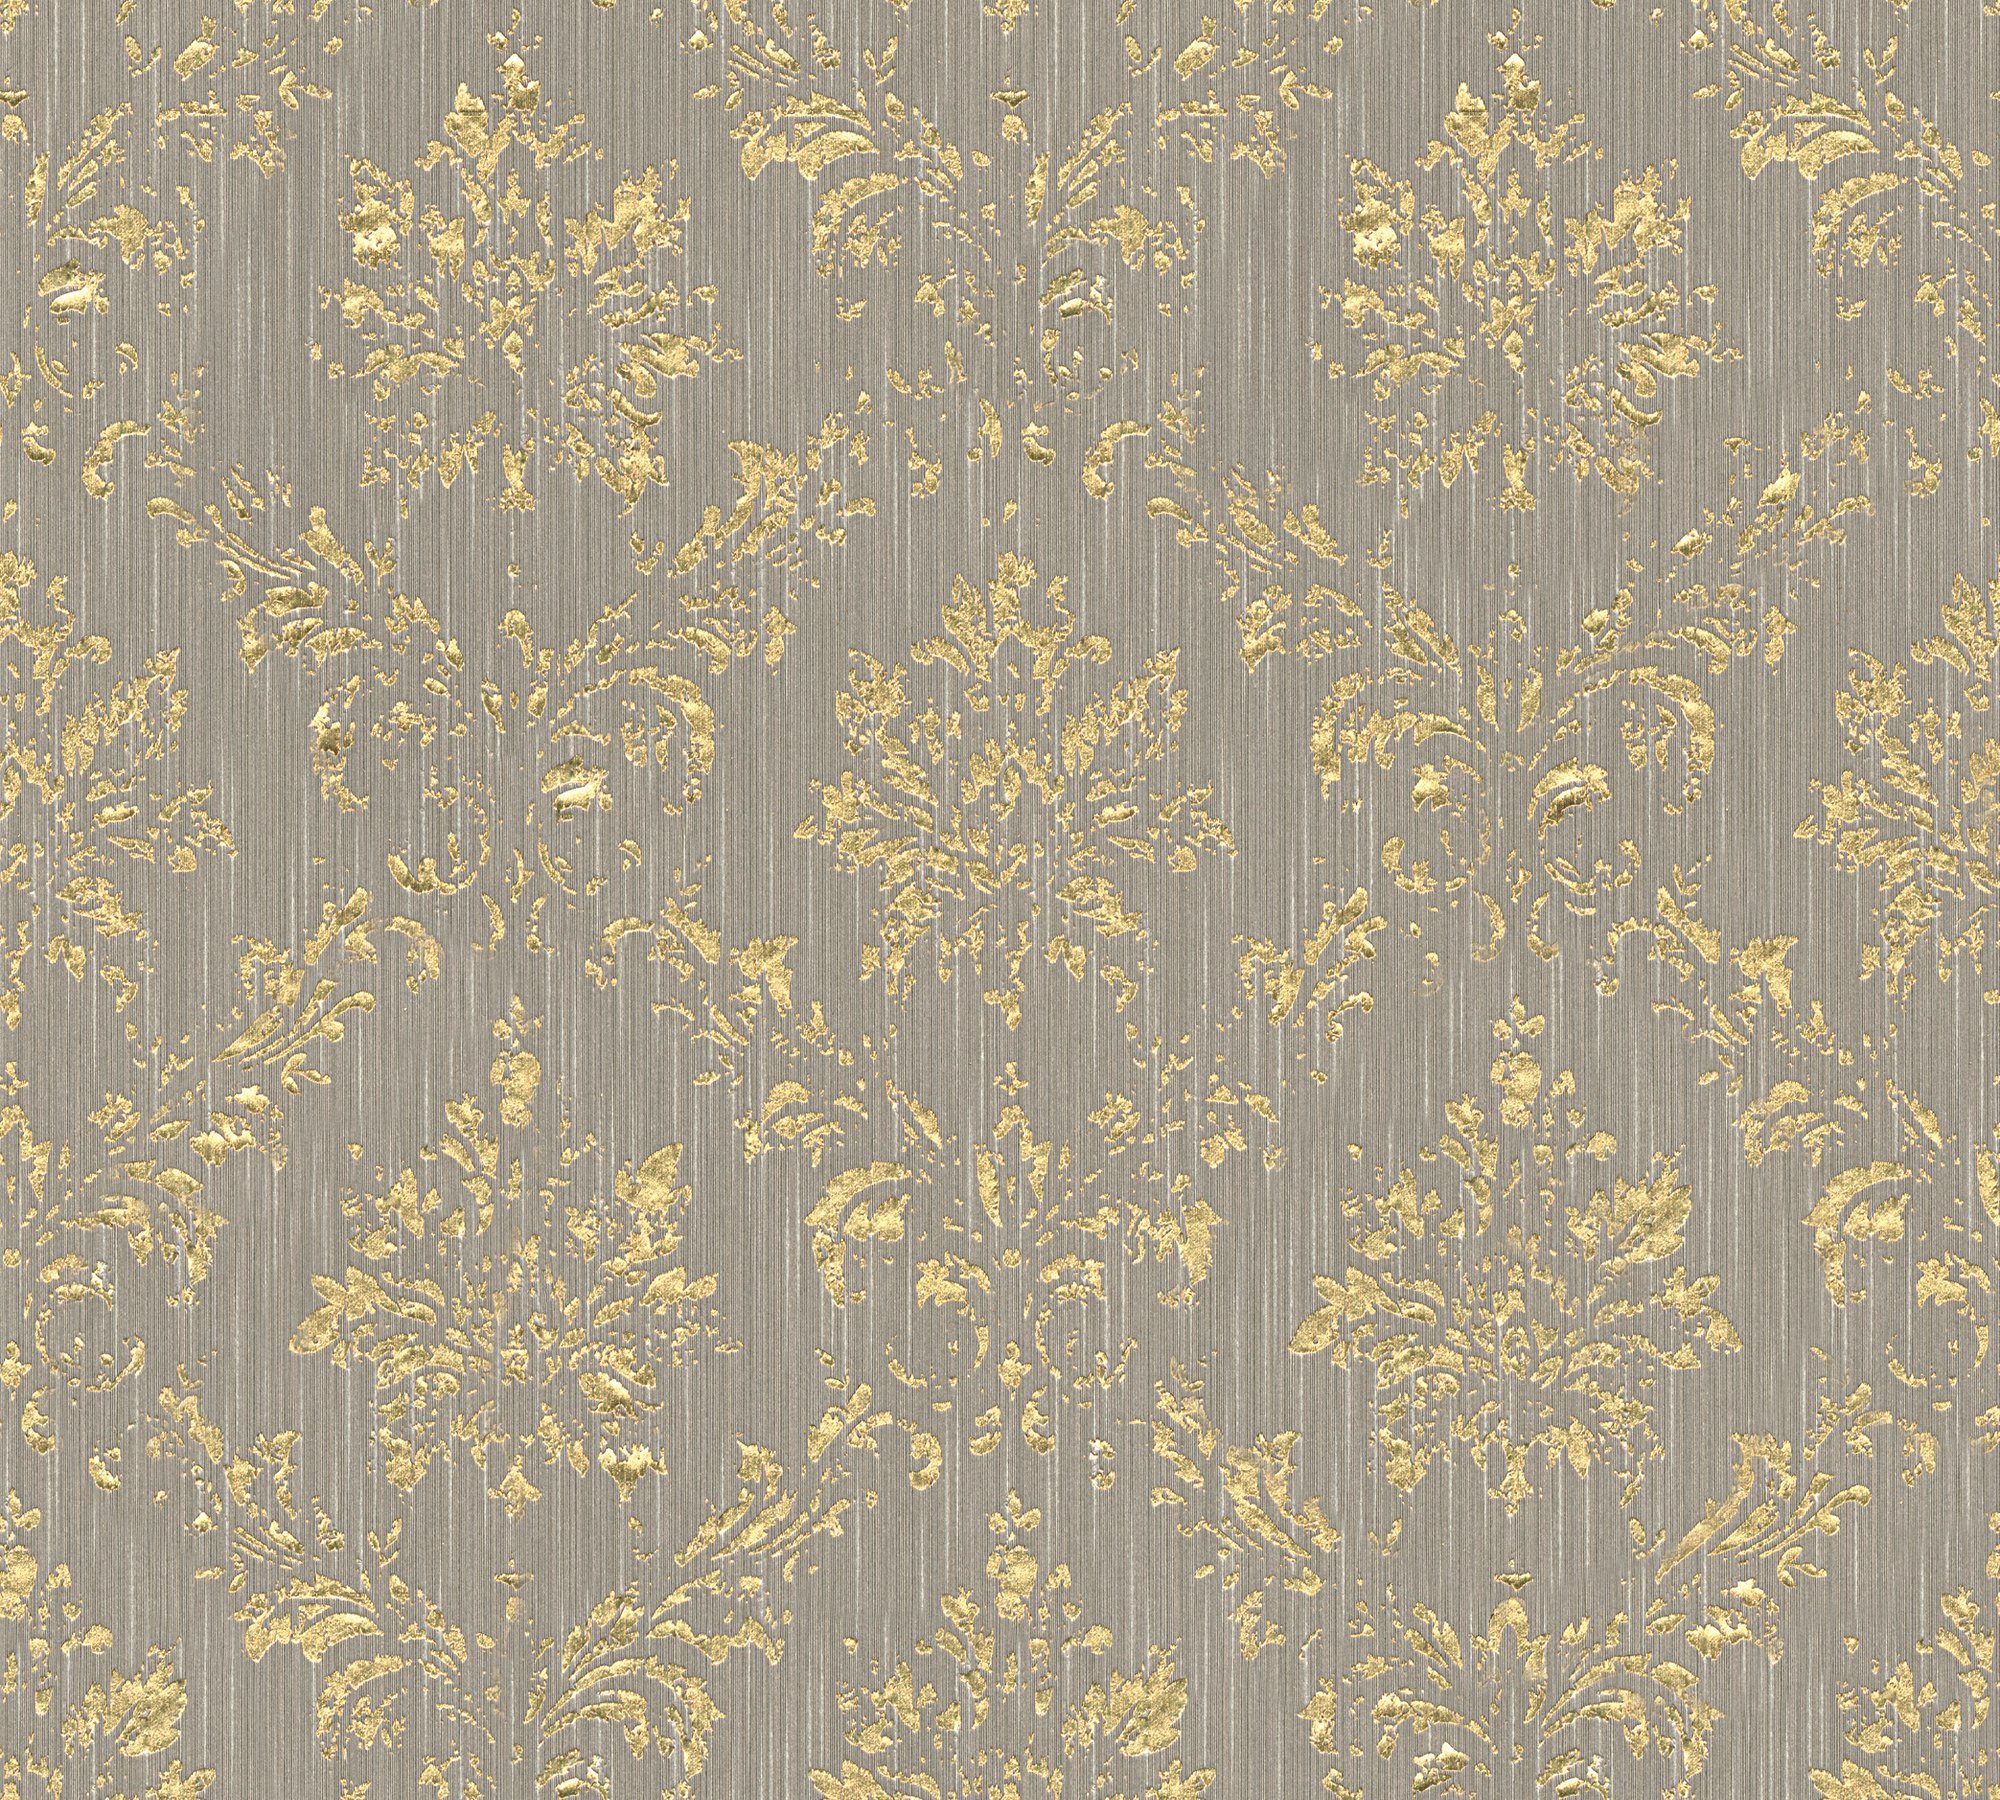 A.S. Création Barock, Silk, samtig, Paper Tapete matt, Ornament gold/beige Textiltapete Metallic glänzend, Architects Barock
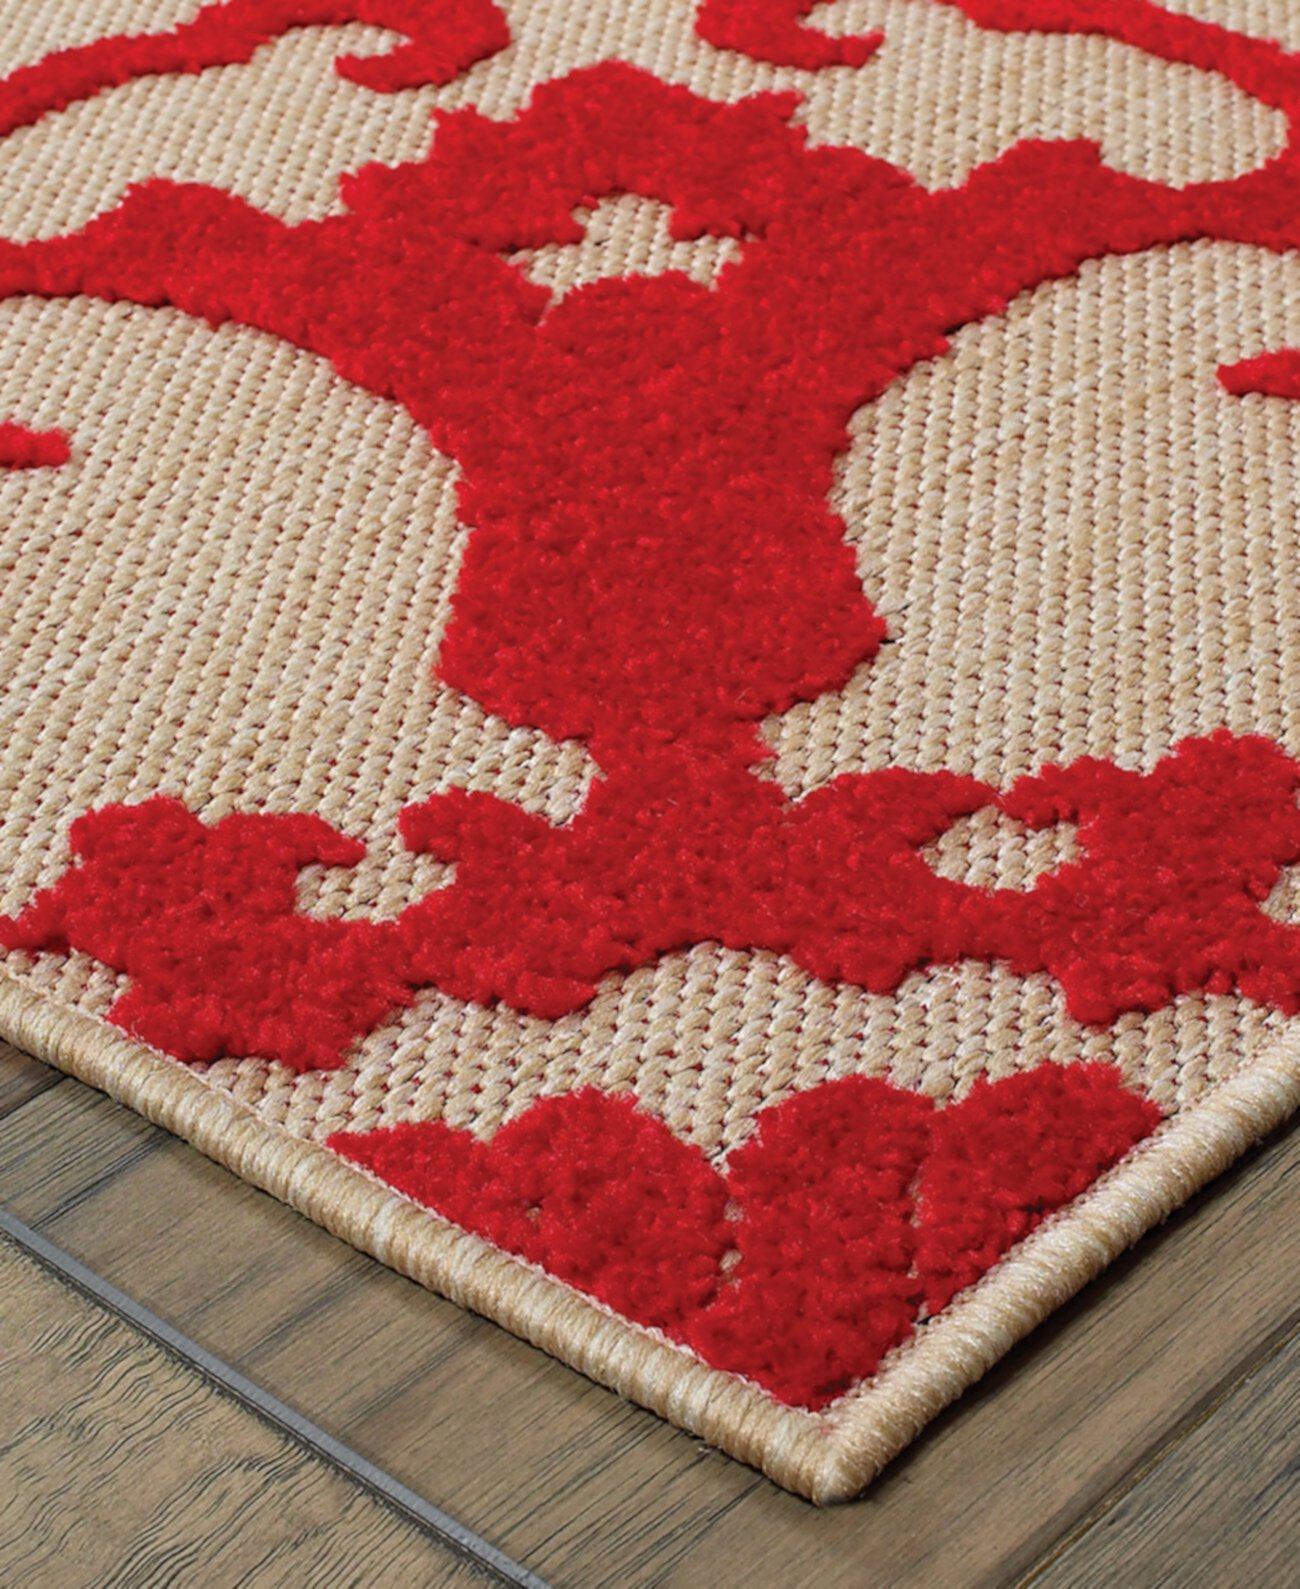 Cayman 097R9 Песочный/красный коврик размером 6 футов 7 x 9 футов 6 дюймов для внутреннего/наружного использования Oriental Weavers
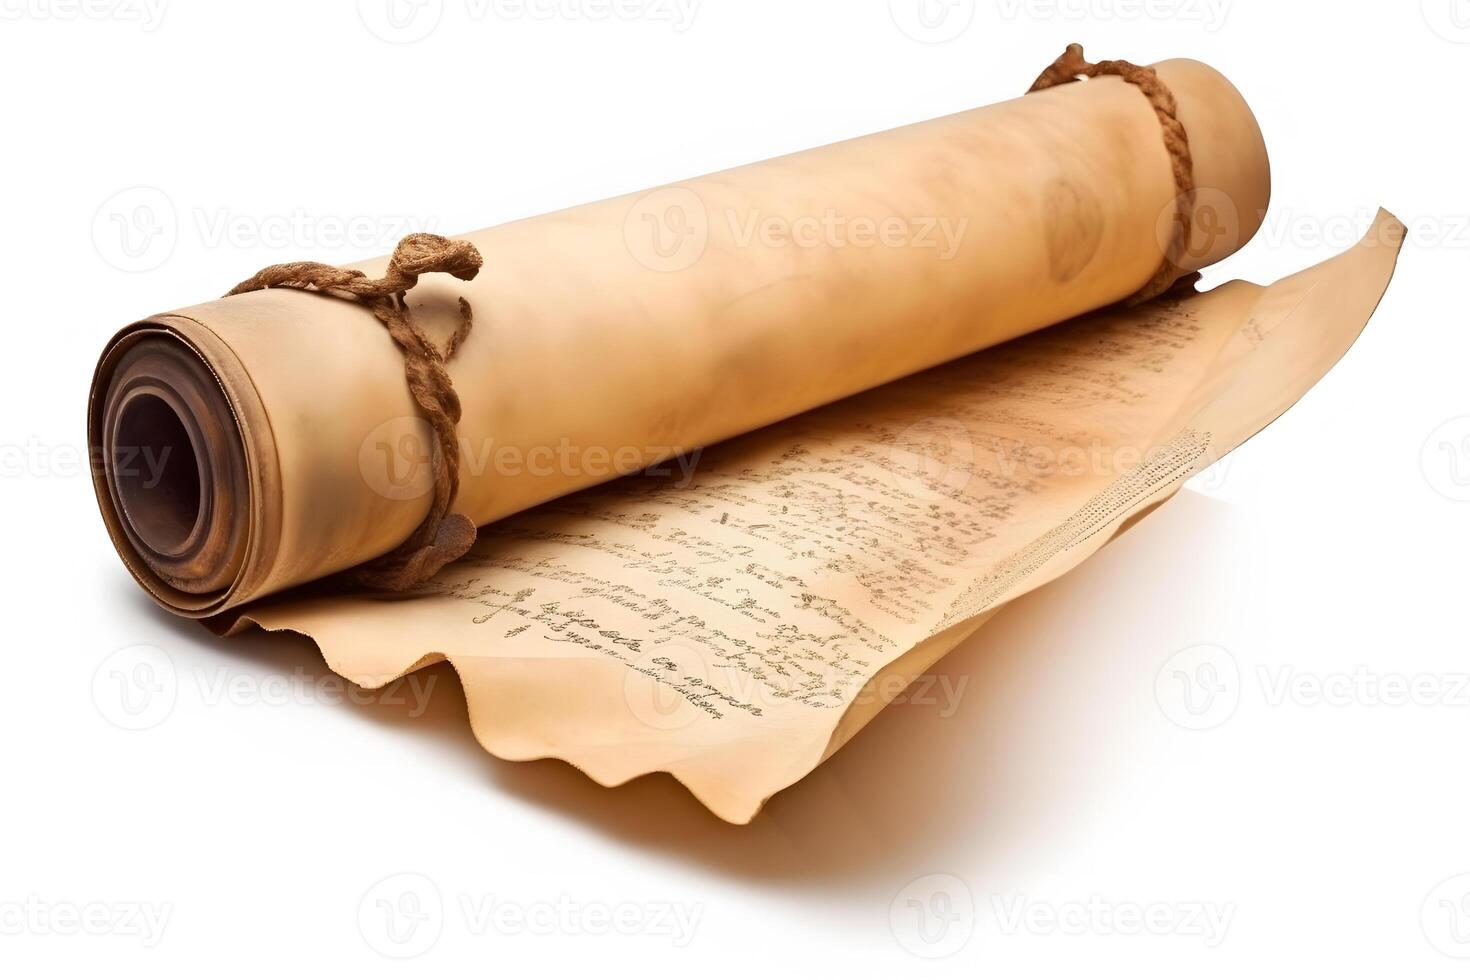 Vintage scrolls or parchment manuscript. Neural network photo

------

Action item: Could you write out the whole listing exactly, skipping every picture?

Solution for this exercise:
 A.S. Création Barock, Silk, samtig, Paper Tapete matt, Ornament gold/beige Textiltapete Metallic glänzend, Architects Barock
 Cayman 097R9 Песочный/красный коврик размером 6 футов 7 x 9 футов 6 дюймов для внутреннего/наружного использования Oriental Weavers
 Vintage scrolls or parchment manuscript. Neural network photo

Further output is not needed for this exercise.